The aim of the journal club is to train students to read scientific publications related to genomic data. Journal clubs will also provide opportunities for students to learn how to present their scientific publications.

Students are expected to have read the scientific publications before coming to class. The instructor will start by briefly summarizing the methodology and main outcomes of the study and the rest of the class will be devoted to general discussion (please come with some questions and have a critical, but positive mind set).

Please find below the list of publications that we will discuss in class (see section 20 for information on dates):

Publication 1: Li et al. (2009) published a draft genome of the giant panda and screened for genes responsible for the detoxification of cyanide produced by bamboos. The presentation slides (in pdf format) of this publication can be downloaded here.
Publication 2: Ming et al. (2015) published the draft genome of the pineapple and investigated the origin of CAM photosynthesis in this lineage.

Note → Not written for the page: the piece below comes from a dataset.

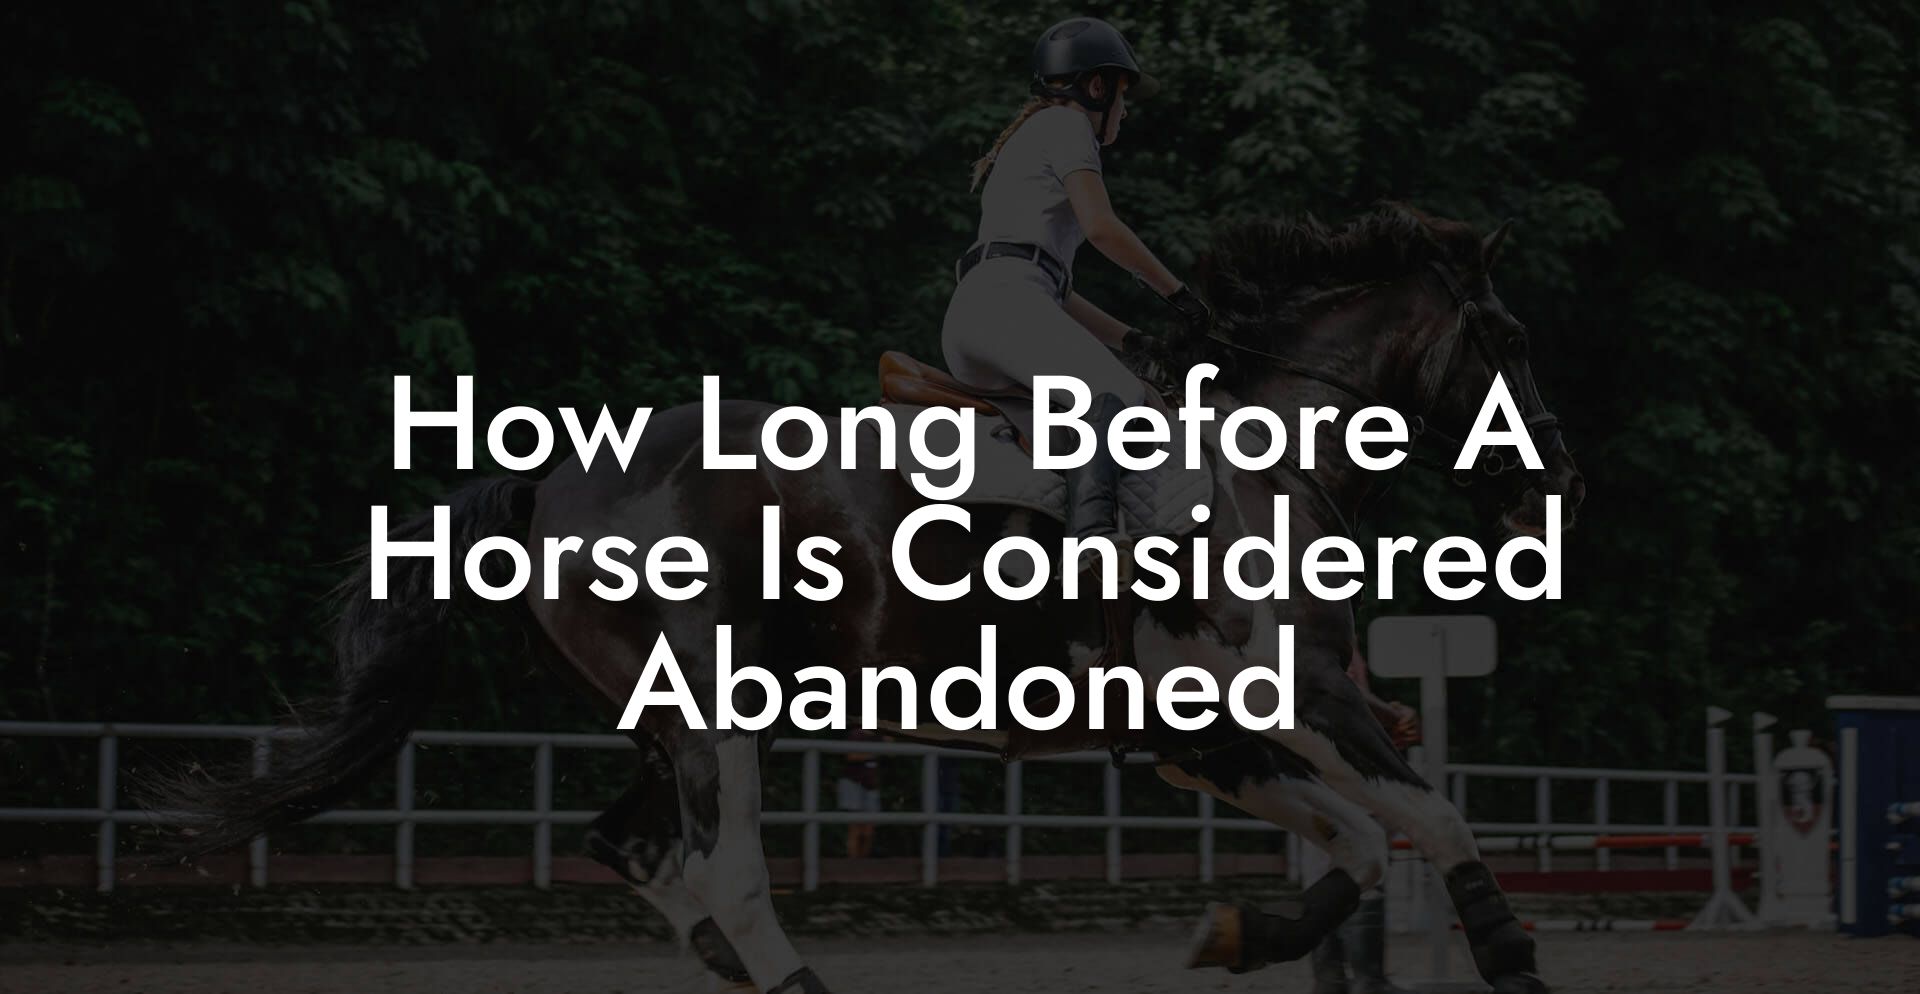 How Long Before A Horse Is Considered Abandoned

If you are not familiar with approaches to read scientific publications, please come and seek advice. For undergraduate students, there is a class BIOL 306 that you could take next semester. Please find below the details of this class:

BIOL 306 COMMUNICATION IN THE BIOLOGICAL SCIENCES (3-0-3)(F,S)(CID) Development of written and oral communication skills necessary for future careers in the biological sciences. Skills include summarizing and evaluating scientific research, and communicating scientific information to targeted audiences. PREREQ: BIOL 304 and ENGL 101, 102.

13 Assessments

13.1 Tests conducted during this course and grading

3 individual mini-reports (2x 25 points and 1x 50 points, TOTAL: 100 points).
1 group lab report (150 points).
1 group lab presentation (50 points).

Exams are summing to a total of 300 points and grading will follow the scale presented in Table 13.1. Consult the Timetable for information on dates when assignments are due.

Table 13.1: Grading scale applied in this course.
Percentage	Grade
100-98	A+
97.9-93	A
92.9-90	A-
89.9-88	B+
87.9-83	B
82.9-80	B-
79.9-78	C+
77.9-73	C
72.9-70	C-
69.9-68	D+
67.9-60	D
59.9-0	F

13.2 Mini-reports (TOTAL: 100 points)

To further gain expertise in this field, students will be producing three mini-reports on the following topics (see Figure 4.1):

Mini-Report 1: Sequencing technologies (25 points; this task is related to Chapter 2).
Mini-Report 2: Molecular biology databases (25 points; this task is related to Chapter 3).
Mini-Report 3: Apply a coupled DNA barcoding and phylogenetic approach to identify species and infer their evolutionary history (50 points). This report provides students with an introduction to methods applied in the laboratory sessions and expertise to select their comparative article (Chapter 8).

Time will be allocated in class to work on these mini-reports, but the instructor expects students to complete those on their own time.

The webpage dedicated to the Mini Reports is available here.

13.3 Group lab report (TOTAL: 150 points)

13.3.1 Research topic

Students will be working in groups to produce a report associated to the following research question:

What Aquaporin genes are encoded in the sagebrush genome (Artemisia tridentata) and what are their functions?

To gain further insights into Aquaporins and sagebrush and the bioinformatic analyses, students will be reading this companion publication (Melton et al., 2021).

13.3.2 Associated scripts

Students can access bash and R scripts associated to their lab report here.

13.3.3 Details on reporting

Lab reports will be formal documents written in the form of scientific manuscripts (Introduction, Material & Methods, Results, Discussion and References sections).

The instructor does not fix a minimum number of words or pages, but urges students to be succinct and avoid redundancy.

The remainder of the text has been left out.